Smriti: Please let us know the importance of early diagnosis of CKD. Do you think that early diagnosis can decline the growth rate of this disease?
Navdeep Tangri: Early diagnosis is the first step in improving the management of CKD. Diagnosis shines a spotlight on the kidney, and leads to the right processes, which may ultimately slow progression. Diagnosis alone is not enough but it can be a powerful trigger to make the right changes to benefit each patient’s kidney health.
Smriti: How do you think that the treatment with Farxiga can be a better treatment option for patients than the other existing treatments available in the market?
Helen Yeh: In the DAPA-CKD trial, dapagliflozin demonstrated a robust benefit on top of previous standard of care for all primary and secondary endpoints in the treatment of patients with CKD with and without T2D. This included a statistically significant and clinically meaningful 39% reduction in the primary composite endpoint of ≥50% sustained decline in eGFR, ESKD, renal death, or CV death. The absolute risk reduction was 5.3%, translating to one adverse outcome avoided for every 19 patients treated over a median of 2.4 years. Farxiga also demonstrated a statistically significant reduction of premature death and CV death or hospitalization by 31% and 29%, respectively. Dapagliflozin is the only treatment to demonstrate CV and mortality benefits in a dedicated CKD trial in patients with and without T2D, providing an important treatment option to ease the substantial burden of CKD. The robust benefits of Farxiga also extend to patients with heart failure, being the only SGLT2 inhibitor to demonstrate a clinically meaningful effect on mortality in patients across the range of left ventricular ejection fraction.
Smriti: DAPA-CKD study involved other CKD indications such as IgAN and C3G among others. Please share post-hoc analysis data for other indications beyond CKD.
Helen Yeh: DAPA-CKD studied the effects of Farxiga in a broad range of CKD patients with varying causes of their disease. A pre-specified analysis of DAPA-CKD assessed the effects of Farxiga by underlying causes of CKD, and the effects on the primary composite endpoint of ≥50% sustained decline in eGFR, ESKD, renal death, or CV death was consistent among patients with diabetic nephropathy (n=2510; HR, 0.63; 95% CI, 0.51-0.78), chronic glomerulonephritides (n=695; HR, 0.43; 95% CI, 0.26-0.71), ischemic/hypertensive nephropathy (n=687; HR, 0.75; 95% CI 0.44-1.26), and CKD of other/unknown cause (n=412; HR, 0.58; 95% CI, 0.29-1.19) p-interaction 0.53. Reduction in the secondary endpoints of CV death or hHF and all-cause mortality were also consistent, regardless of kidney disease cause. Consistent with the overall DAPA-CKD population, in the 270 patients with IgA nephropathy, Farxiga significantly reduced the risk of the primary composite endpoint (HR, 0.29; 95% CI, 0.12-0.73; p=0.005) and progression to ESKD (HR, 0.30; 95% CI, 0.11-0.83; p=0.014).
Smriti: Can we talk a little about Farxiga and how it helps to reduce healthcare costs?

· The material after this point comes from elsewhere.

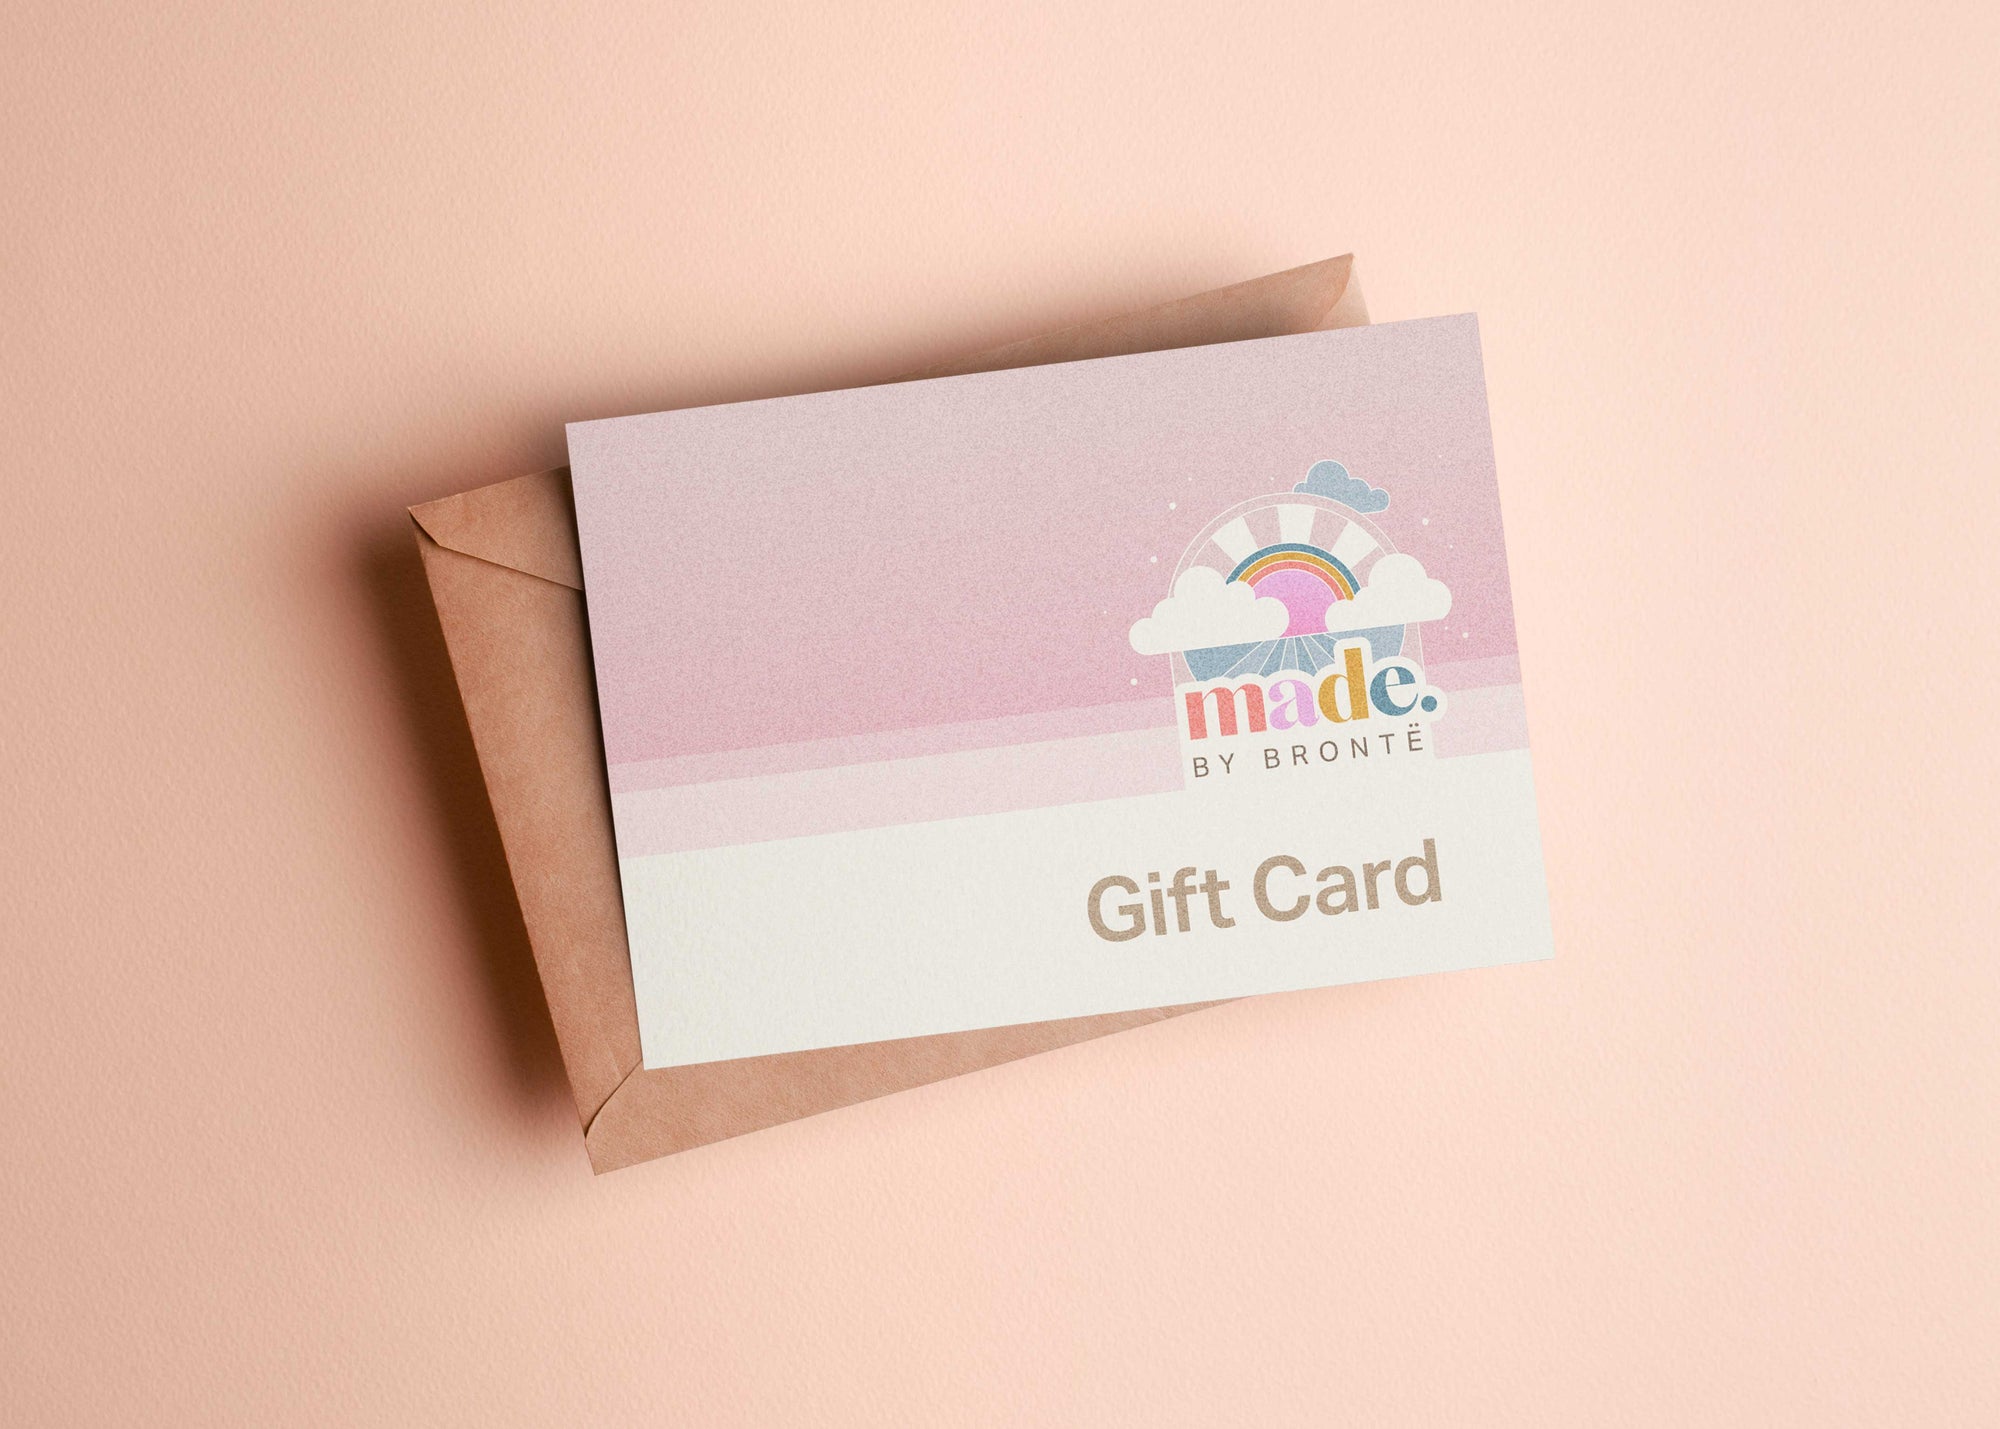 Made. By Bronte Gift Card

Helen Yeh: Worldwide ~850 million people have CKD and the clinical and economic burden associated with CKD is increasing. The potential impact of Farxiga on healthcare costs vs previous standard of care was assessed using data from the DAPA-CKD trial and published event costs across 23 countries. This study demonstrated that across 100,000 patients treated with Farxiga, a 33% reduction in costs can be achieved, resulting in savings of $205M over a 3-year period. The authors concluded that Farxiga treatment in CKD has the potential to significantly reduce healthcare resource use through delayed CKD progression and reduced incidence of cardio-renal events and mortality.

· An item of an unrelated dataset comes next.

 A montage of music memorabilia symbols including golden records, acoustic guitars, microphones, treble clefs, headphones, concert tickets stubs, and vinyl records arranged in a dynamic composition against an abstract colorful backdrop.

Smriti: How is AstraZeneca supporting patients with CKD? Are there any patient support programs or digital initiatives by AstraZeneca for the early diagnosis and screening of patients?

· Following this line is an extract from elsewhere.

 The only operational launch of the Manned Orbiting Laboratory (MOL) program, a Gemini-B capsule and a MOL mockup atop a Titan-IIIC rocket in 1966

Helen Yeh: AstraZeneca established the global ACT on CKD initiative to drive comprehensive partnerships across the healthcare ecosystem, including with professional societies, patient organizations, policy makers, diagnostic providers & healthcare decision makers to increase awareness of CKD, drive routine screening and early diagnosis, and ultimately reduce the risk of disease progression and complications. These collaborations have significantly advanced the CKD landscape via extensive education and awareness (e.g., “The Pressure is On” campaign), diagnostic enhancements (e.g. electronic medical records, point-of-care testing, etc.) and patient-centric reforms of worldwide policies and protocols. Since the start of ACT on CKD, our efforts have resulted in over 22 million patients screened globally and over 8 million diagnosed.
Source: Canva
About the Authors:
Dr. Navdeep Tangri
Dr. Navdeep Tangri is the Professor of Medicine at the University of Manitoba Department of Internal Medicine, Winnipeg, Manitoba, Canada from where he obtained his medical degree. Dr Tangri’s main research interest revolves around improving clinical decision-making for patients with advanced chronic kidney disease (CKD). His efforts in understanding CKD led to the development of the Kidney Failure Risk Equation (KFRE), used worldwide to predict the need for dialysis in patients with CKD. He is presently engaged in multiple validation and implementation exercises to increase the uptake of the KFRE.
Helen Yeh
Helen Yeh is the Vice President, CVRM Therapy Area Biopharmaceuticals Medical at AstraZeneca.Helen has been focused in the renal and heart failure disease areas, for example guiding products through worldwide approval and launch, working with real world databases to provide a holistic approach to evidence generation, shaping educational programs, and pioneering practice change initiatives in support of guideline-directed medical care. She earned her bachlors, masters and PhD in Pharmacology from The University of Manchester.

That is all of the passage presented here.